▶ Data segment:
- Opening Delimiter -

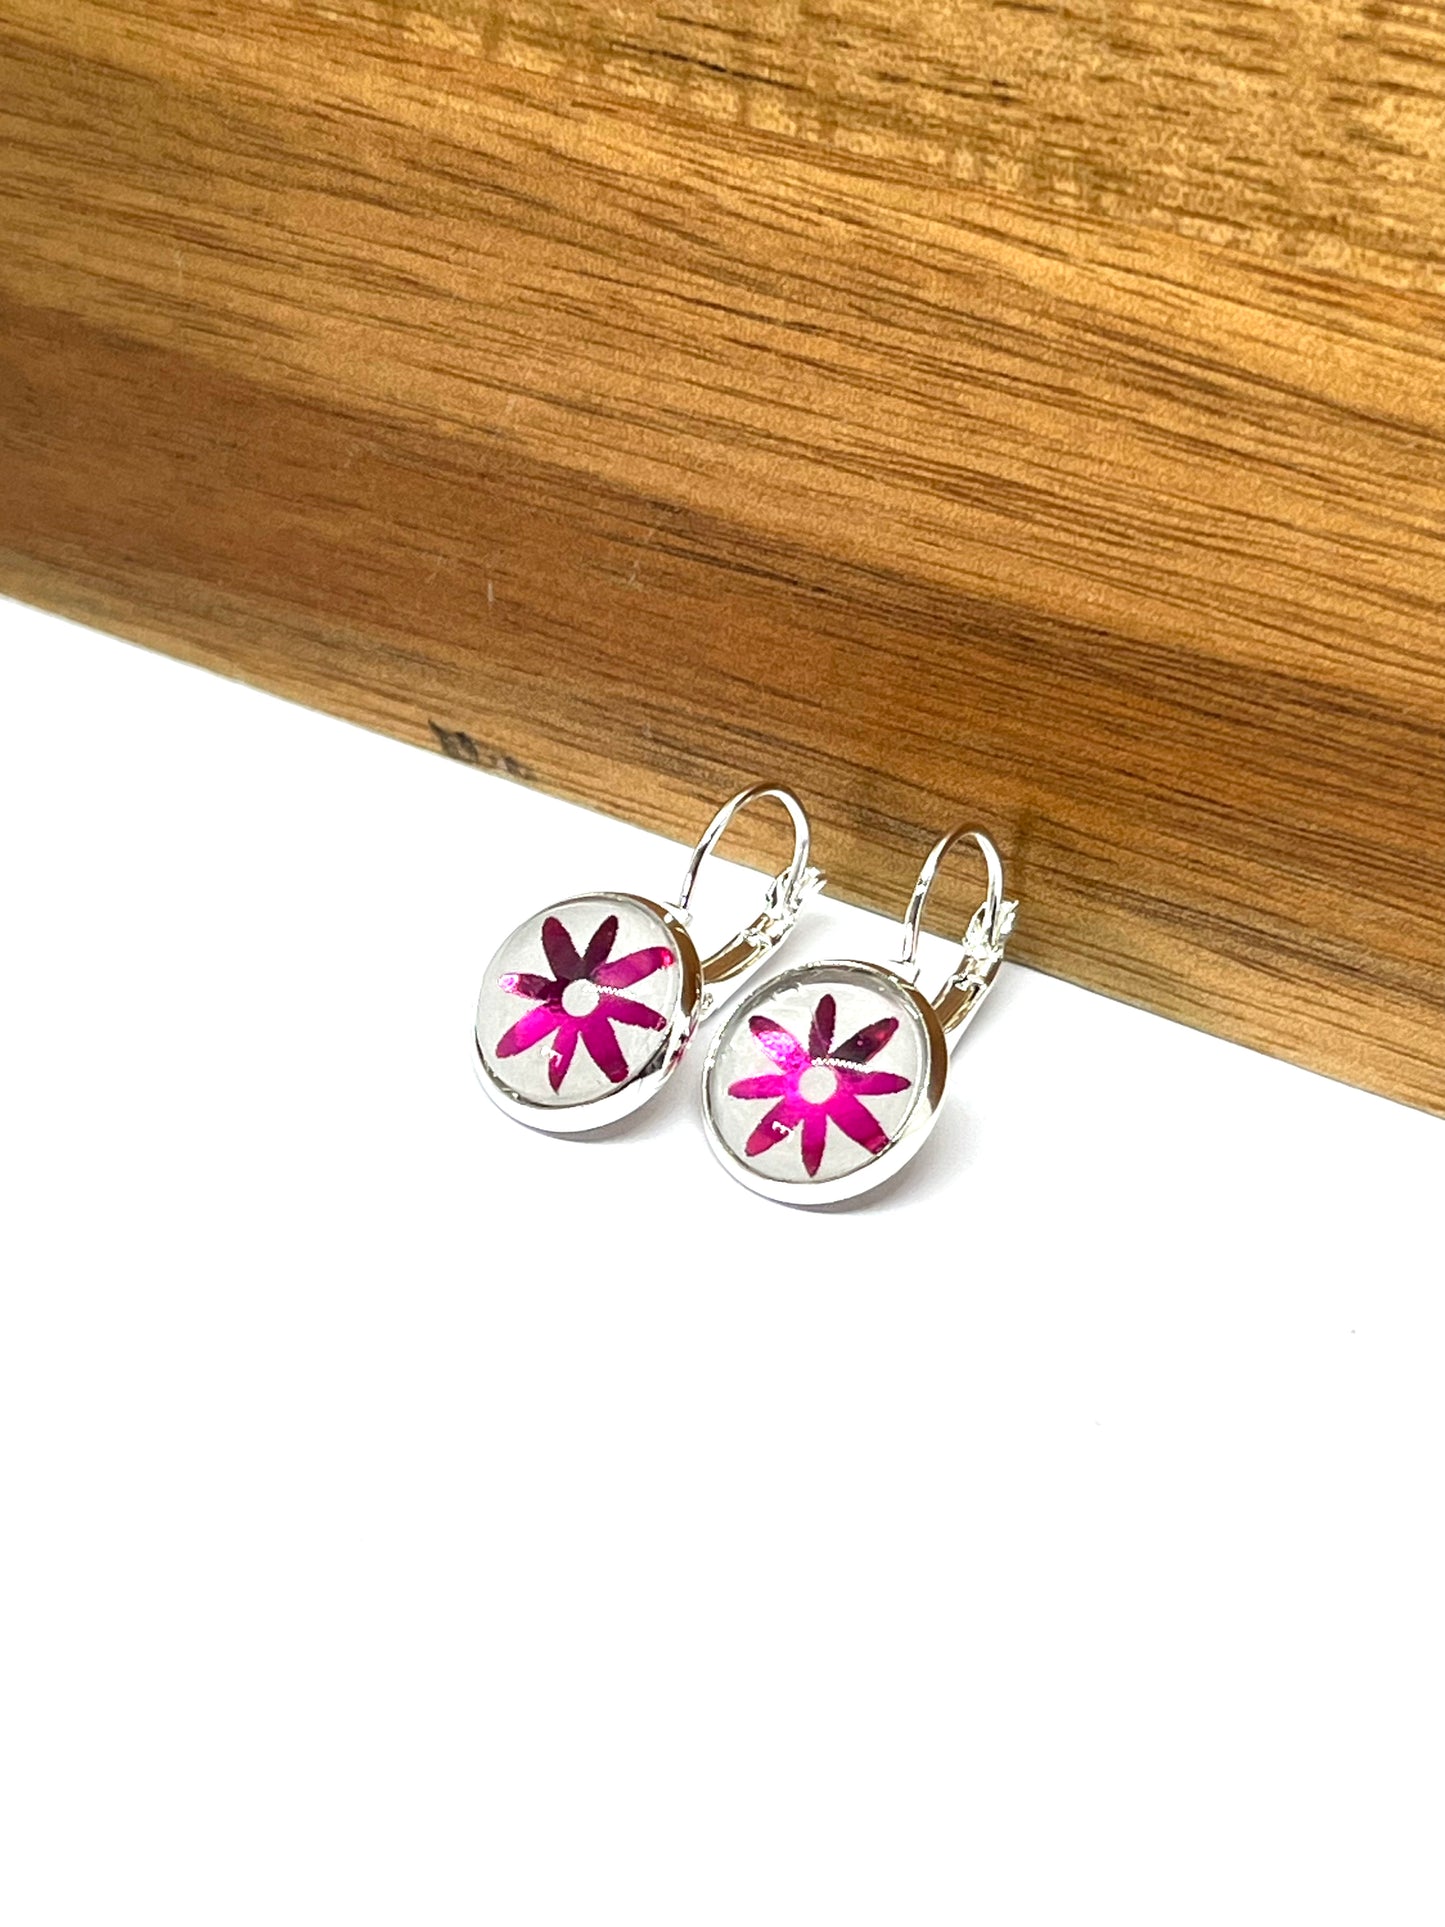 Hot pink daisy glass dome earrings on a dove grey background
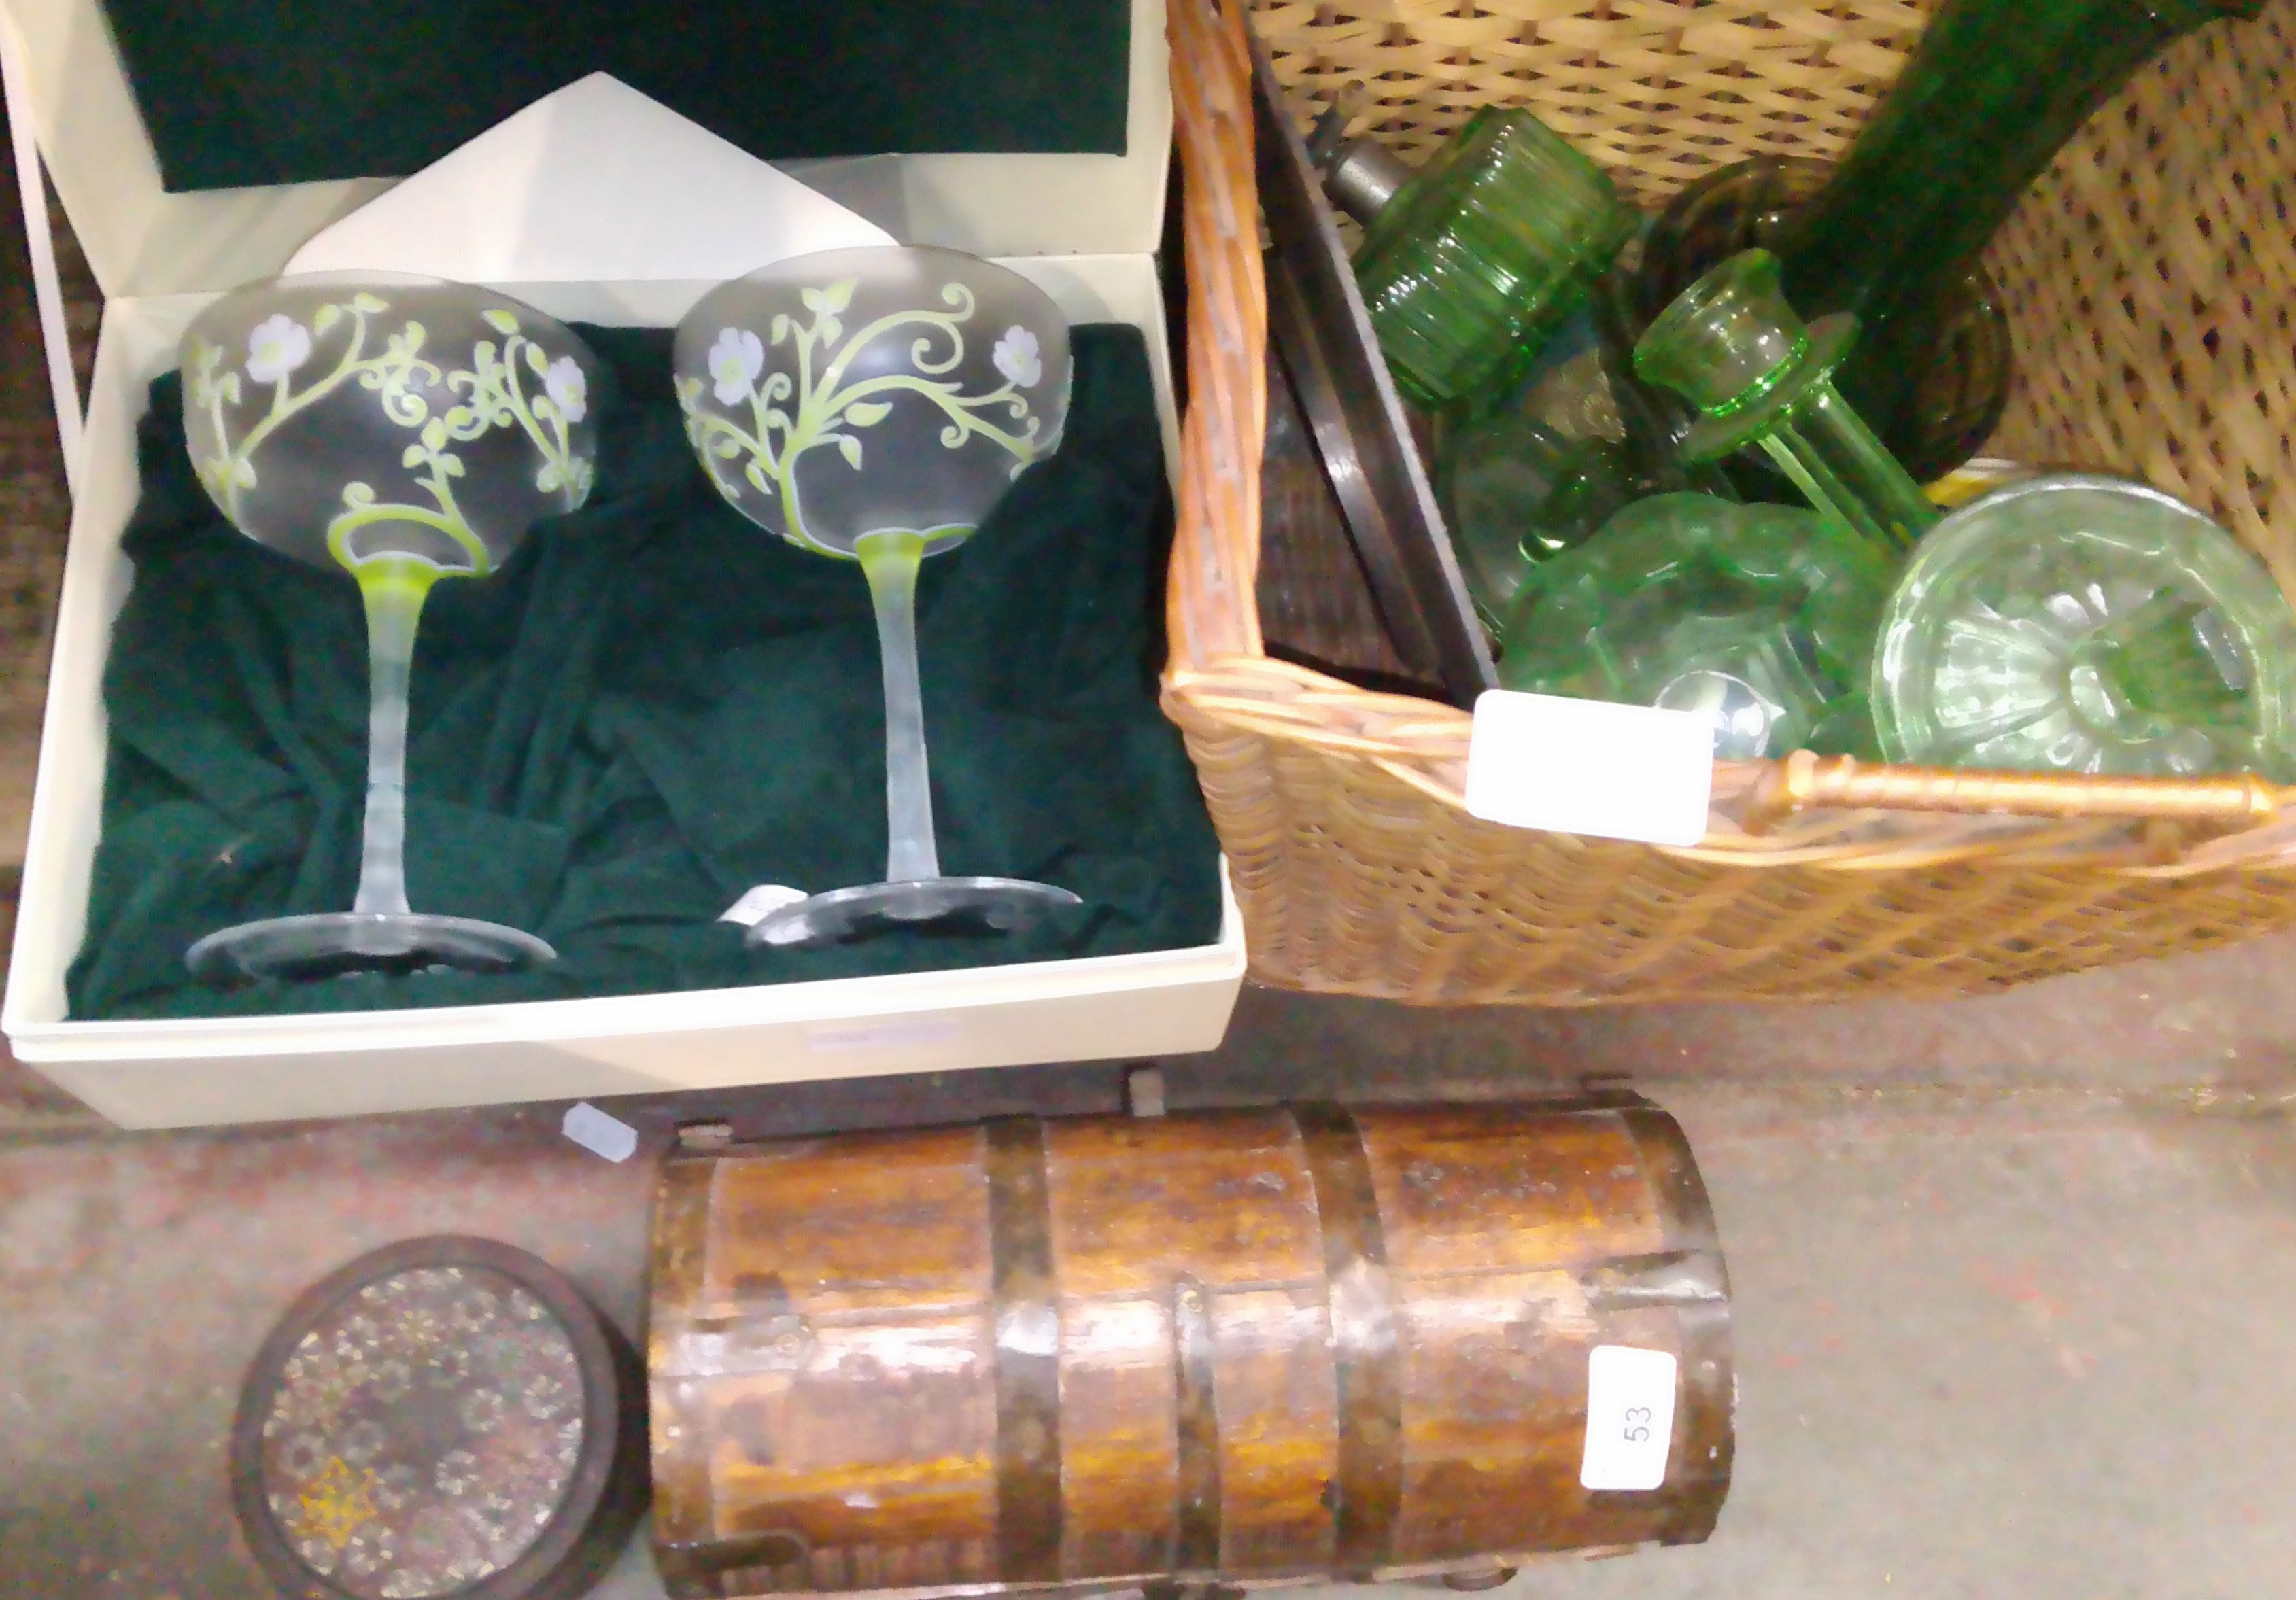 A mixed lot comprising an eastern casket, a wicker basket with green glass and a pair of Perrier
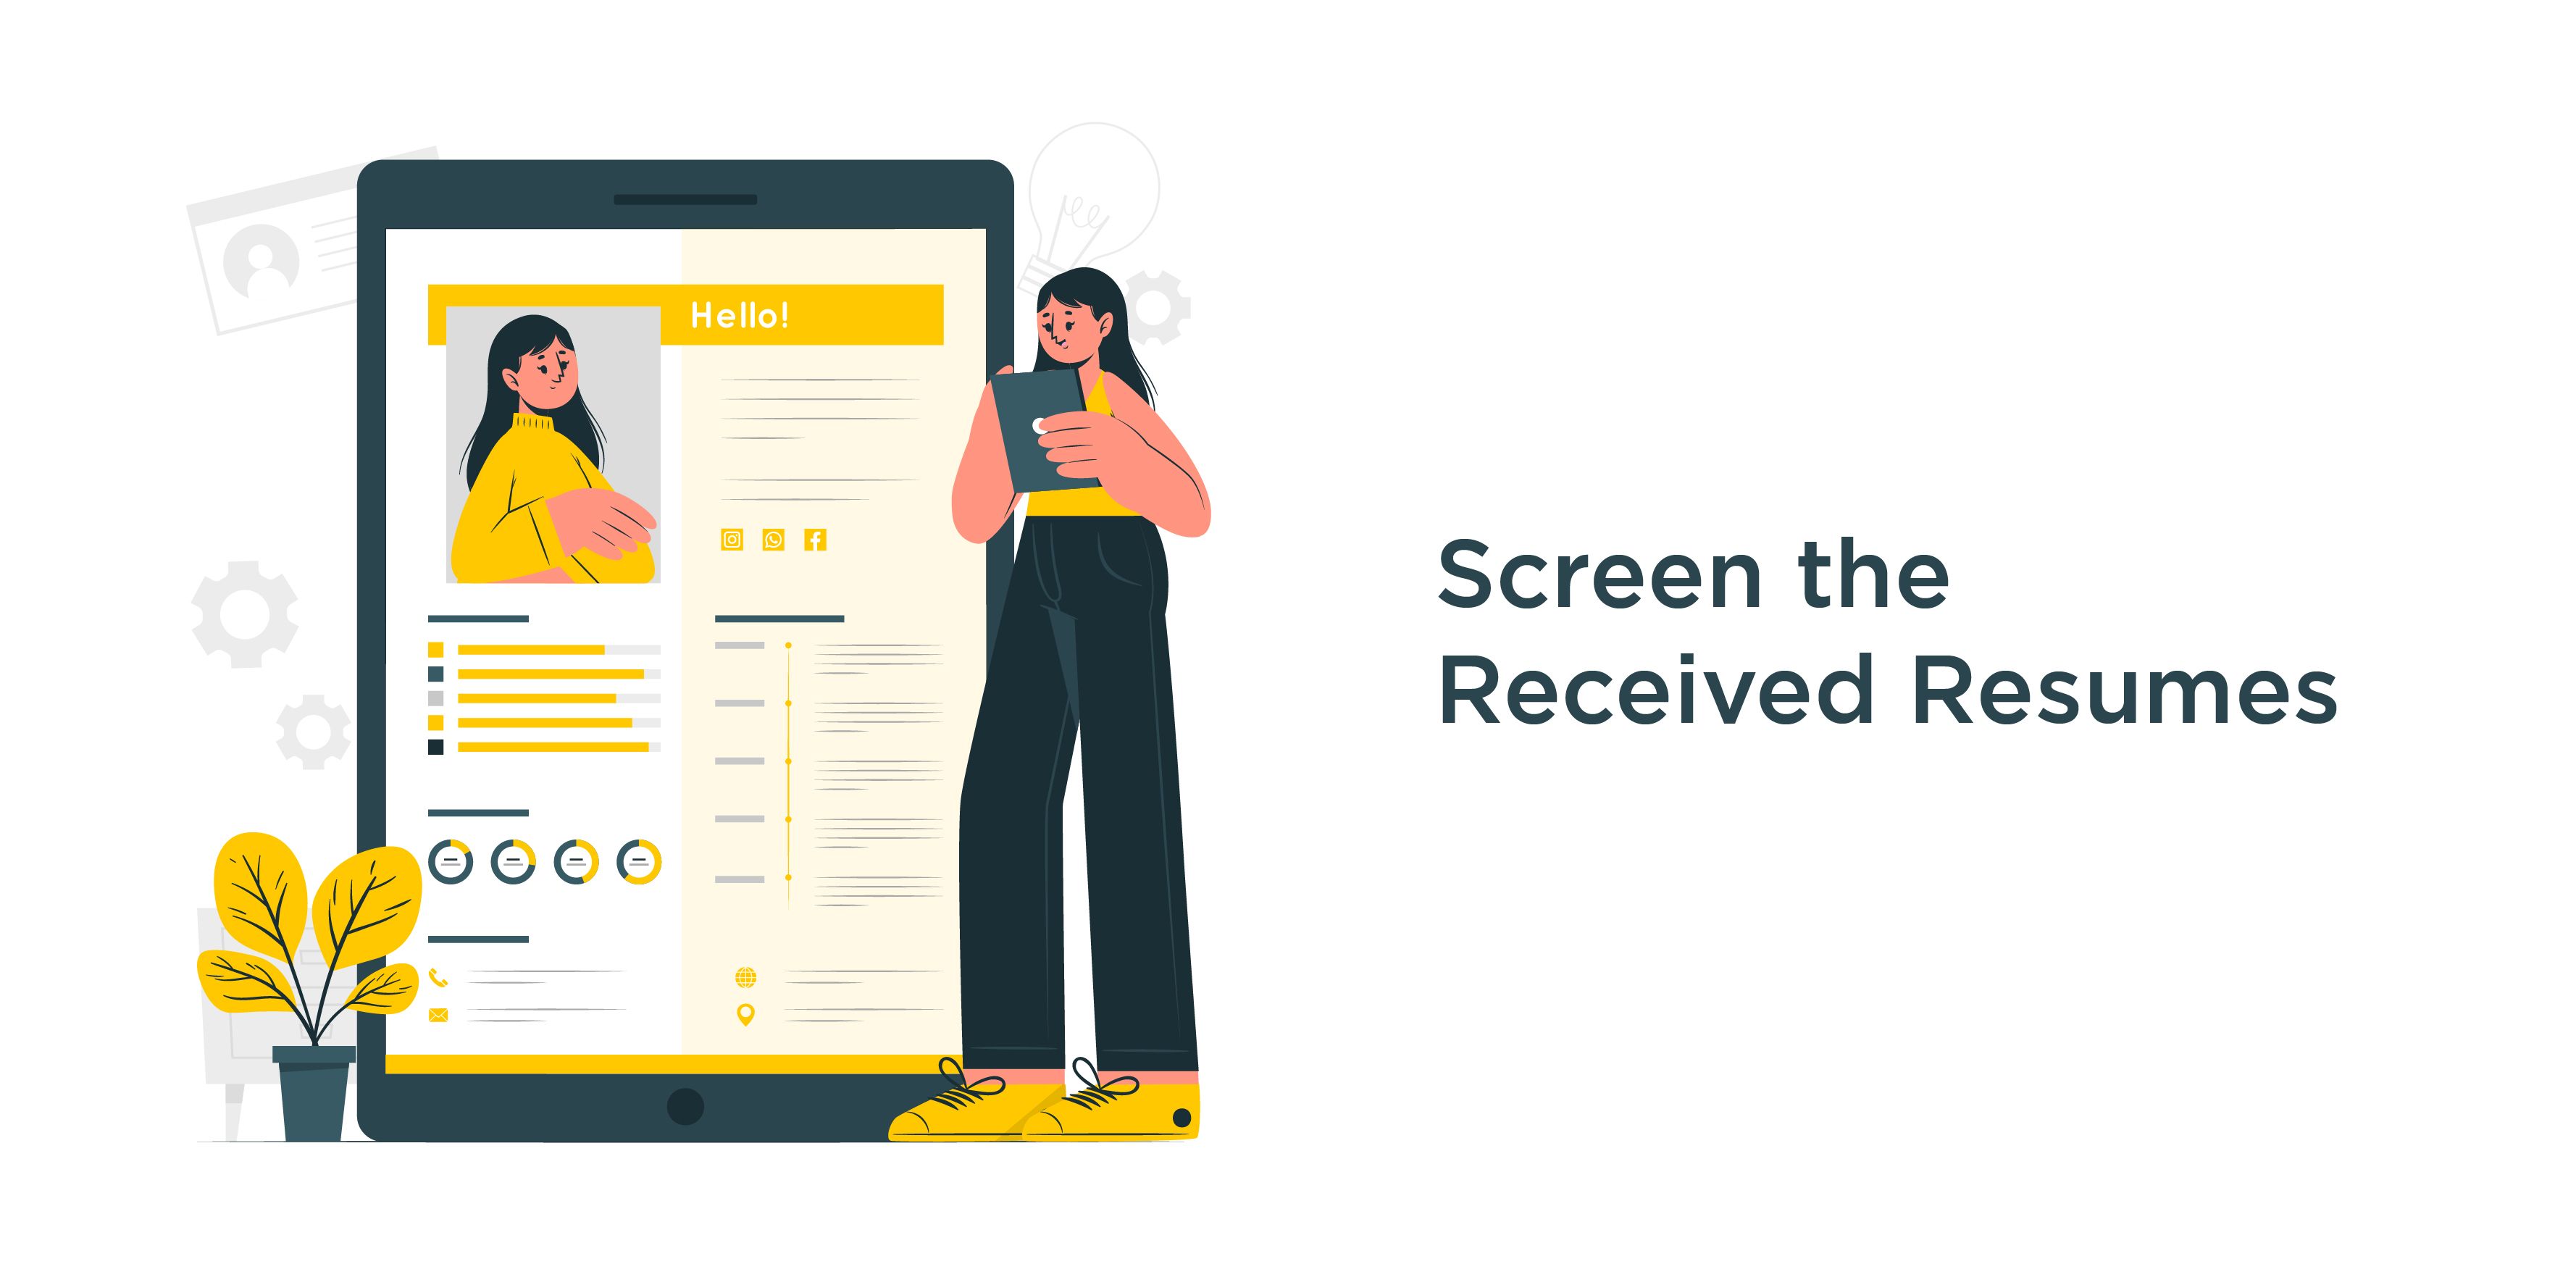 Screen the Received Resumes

- Closing Delimiter -

▶ What to produce: All lines above must be repeated exactly, and the pictures must be omitted.

▶ Exercise output:
 Hot pink daisy glass dome earrings on a dove grey background
 A mixed lot comprising an eastern casket, a wicker basket with green glass and a pair of Perrier
 Screen the Received Resumes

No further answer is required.